Wadey continues through the digital slides, presenting edited videos of sprinters, swimmers and pole vaulters, alongside infographics showing the distribution of Olympic medals by country for the 2016 games. He is the lead designer of The Constant Gardeners, a new art installation by Jason Bruges Studio for Tokyo Tokyo Festival Special 13, the cultural showcase running alongside the rescheduled Olympic and Paralympic games this summer.

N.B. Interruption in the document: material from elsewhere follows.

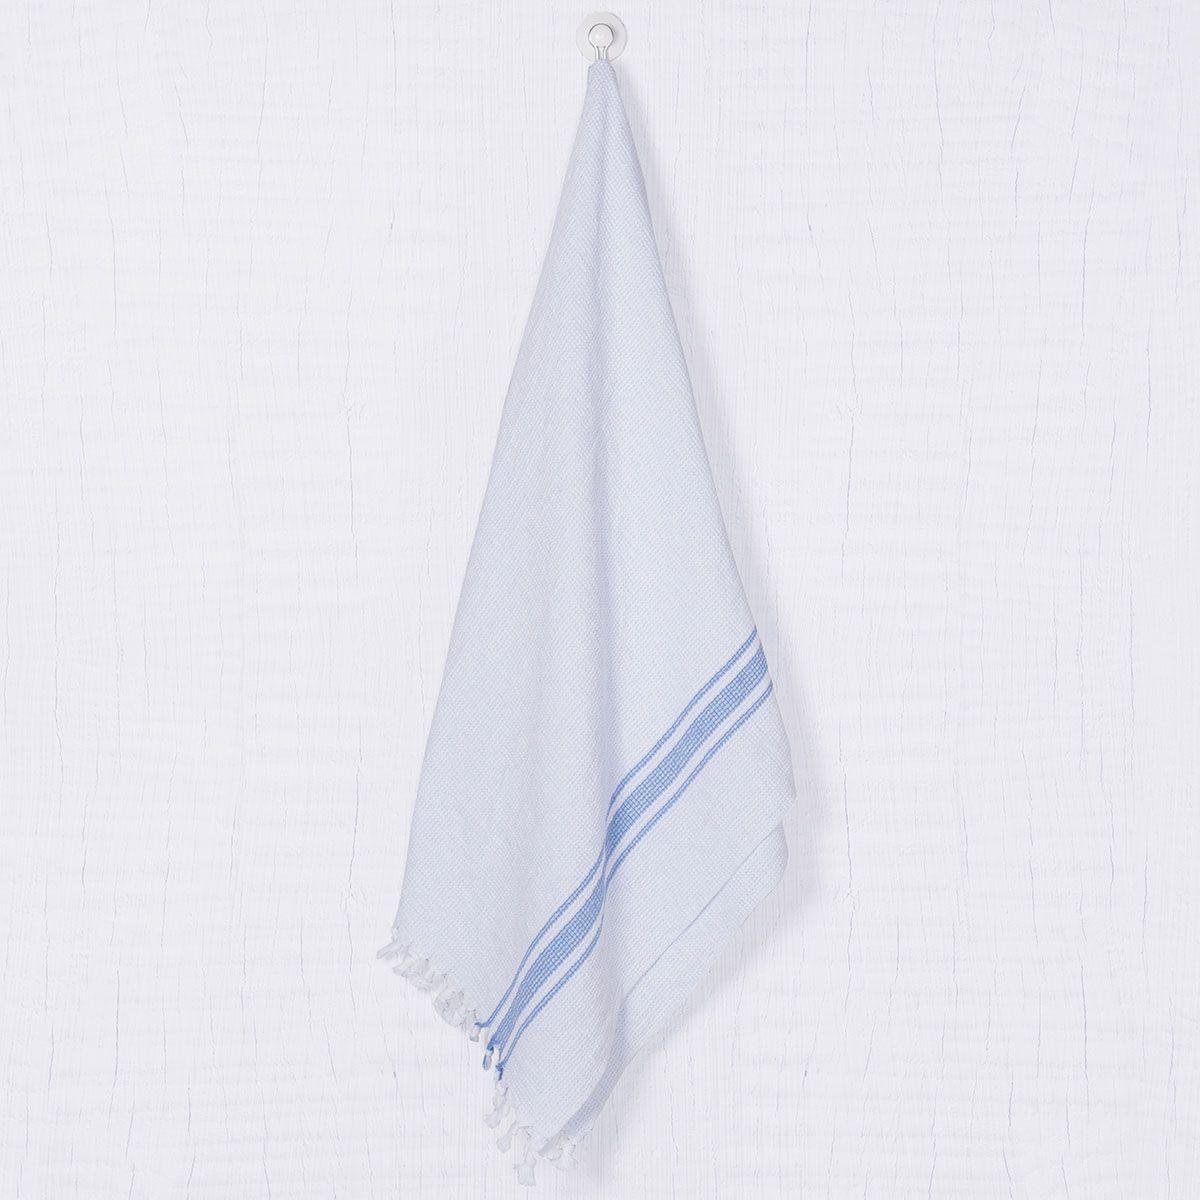 Peshtowel SLPAN - White / Blue Stripes

The Constant Gardeners combines specially designed operating systems, robotics and artistic automation. Video from Olympic and Paralympic games is analysed by the software, which removes background information before isolating the motion of the athletes’ bodies. The system then generates a unique, illustration-like design from these movements, which varies according to data type and what the technicians wish to highlight from each clip. Quantitative data (such as medal tables, the distance of a winning shot put, or one country’s involvement across different disciplines) is also converted into intricate patterns. Four robotic arms then inscribe the shapes into a bed of fine gravel, a sketchpad inspired by Japanese Zen gardens.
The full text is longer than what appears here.